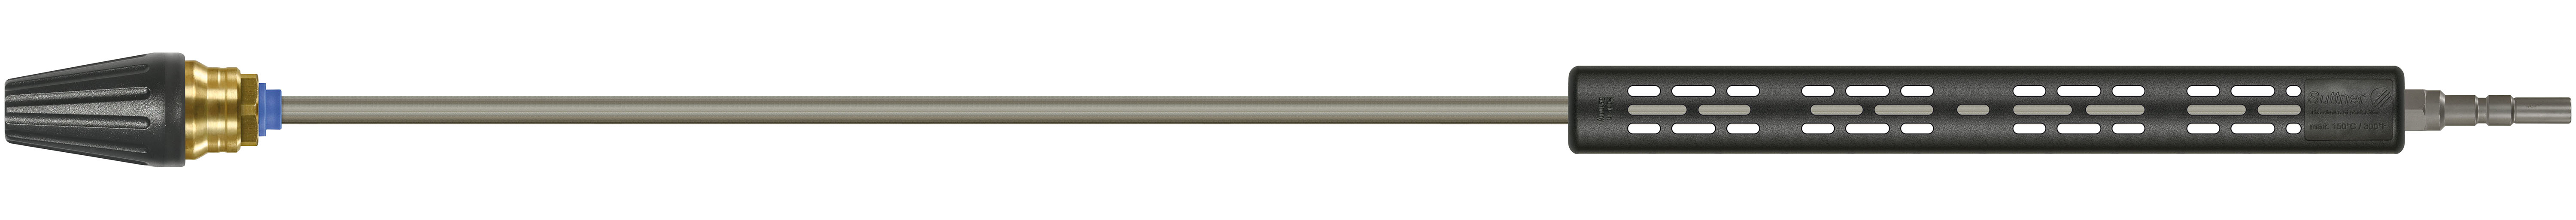 Rotabuse céramique avec lance 1000mm, 200-400 bar, Calibre 080
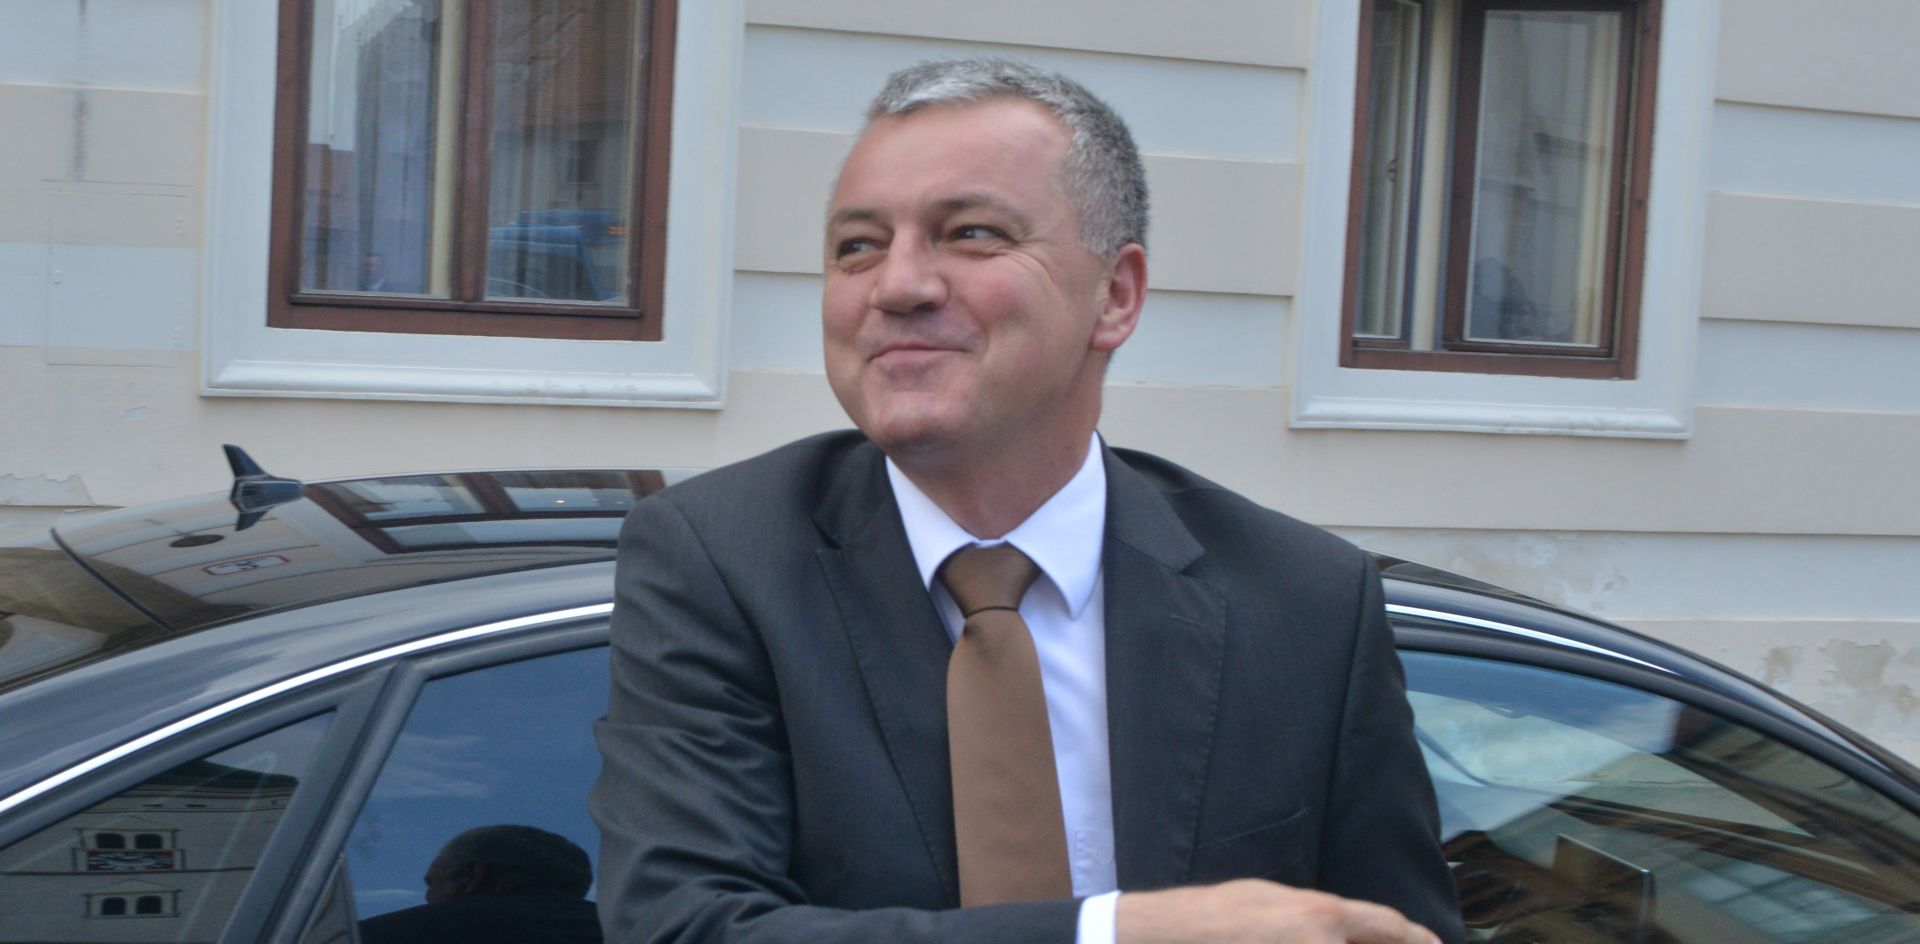 Zagreb, 05.06.2018 - Dolazak ministara u zgradu Vlade. Na fotografiji Darko Horvat.
foto HINA/ Admir BULJUBAIÆ/ abu
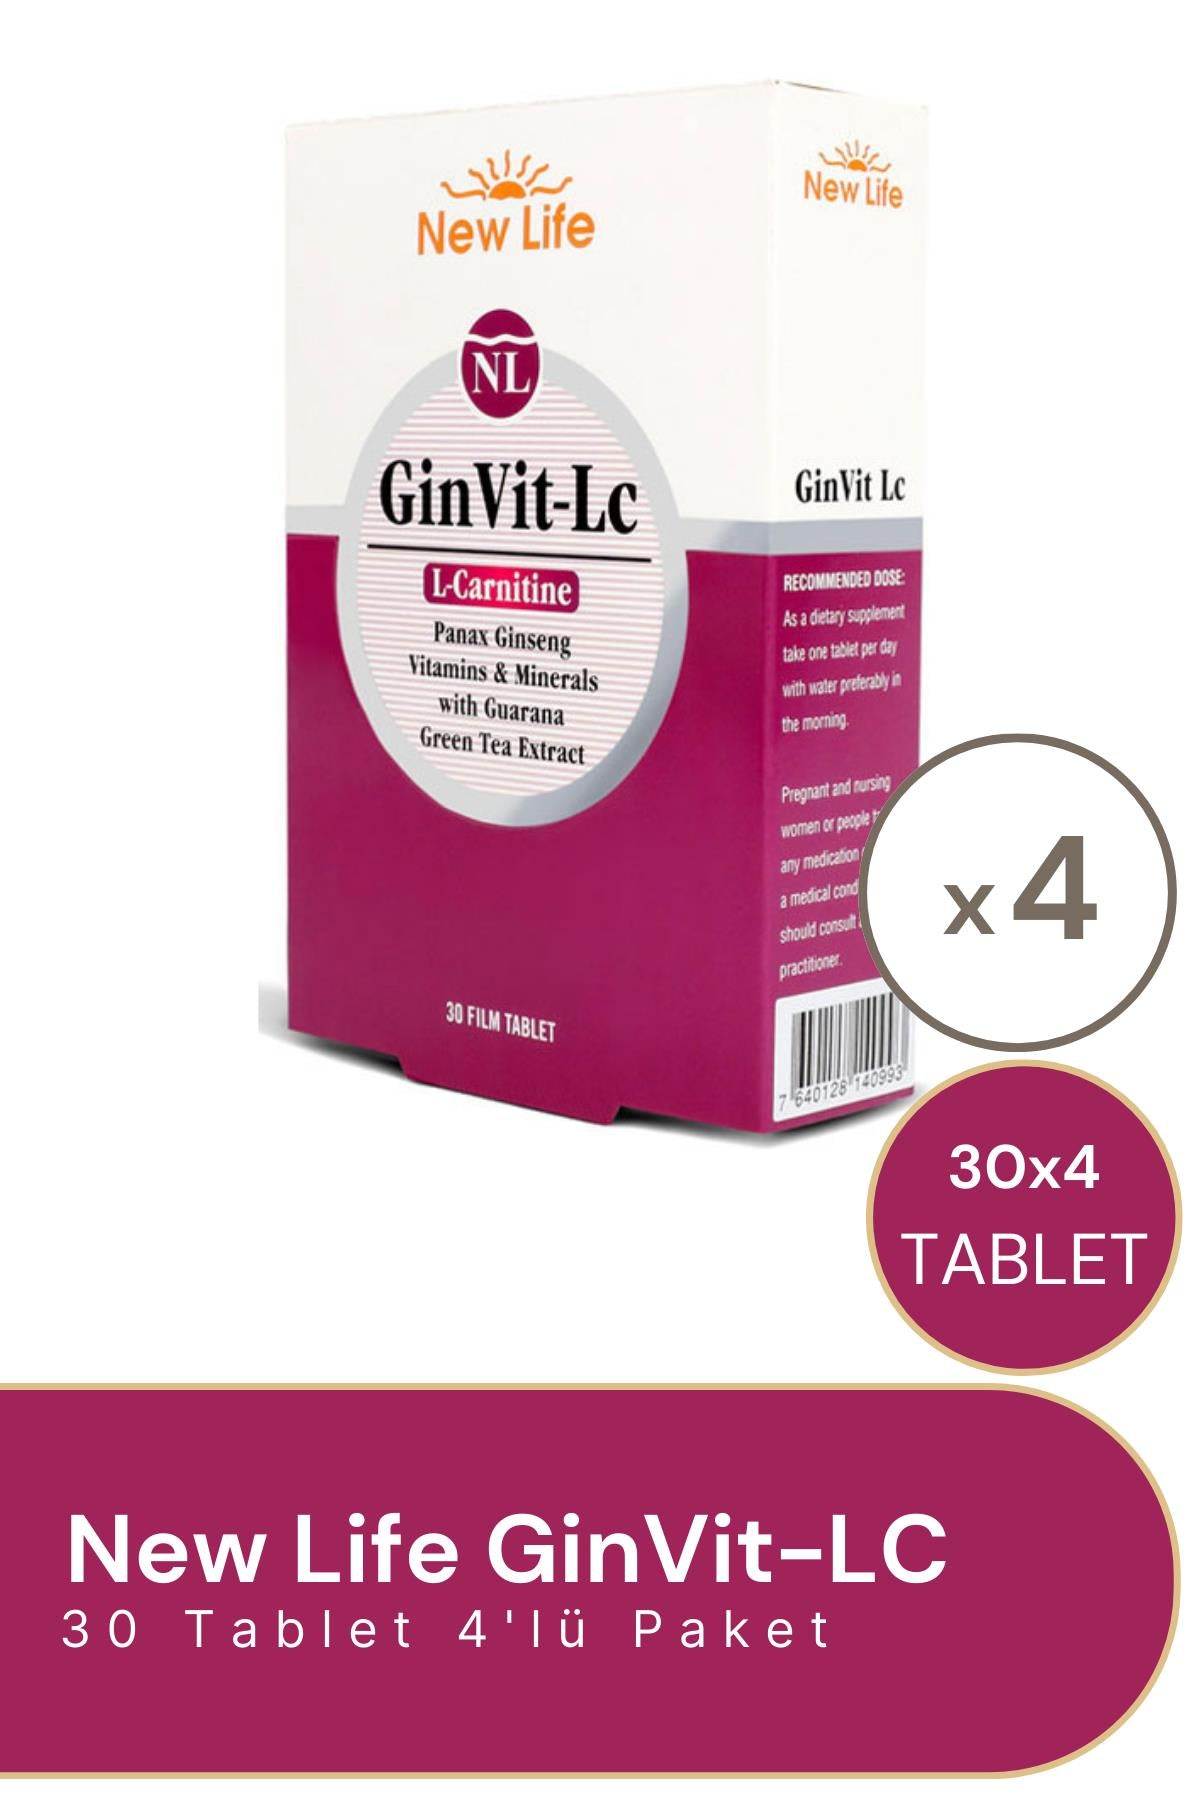 New Life GinVit-LC 30 Tablet 4'lü Paket

# Problem description:
Start with the line that holds "Zagreb, 05.06.2018 - Dolazak" and retype each line through the last one in the data, exactly and without pictures.

# Answer to this exercise:
 Zagreb, 05.06.2018 - Dolazak ministara u zgradu Vlade. Na fotografiji Darko Horvat.
foto HINA/ Admir BULJUBAIÆ/ abu
 New Life GinVit-LC 30 Tablet 4'lü Paket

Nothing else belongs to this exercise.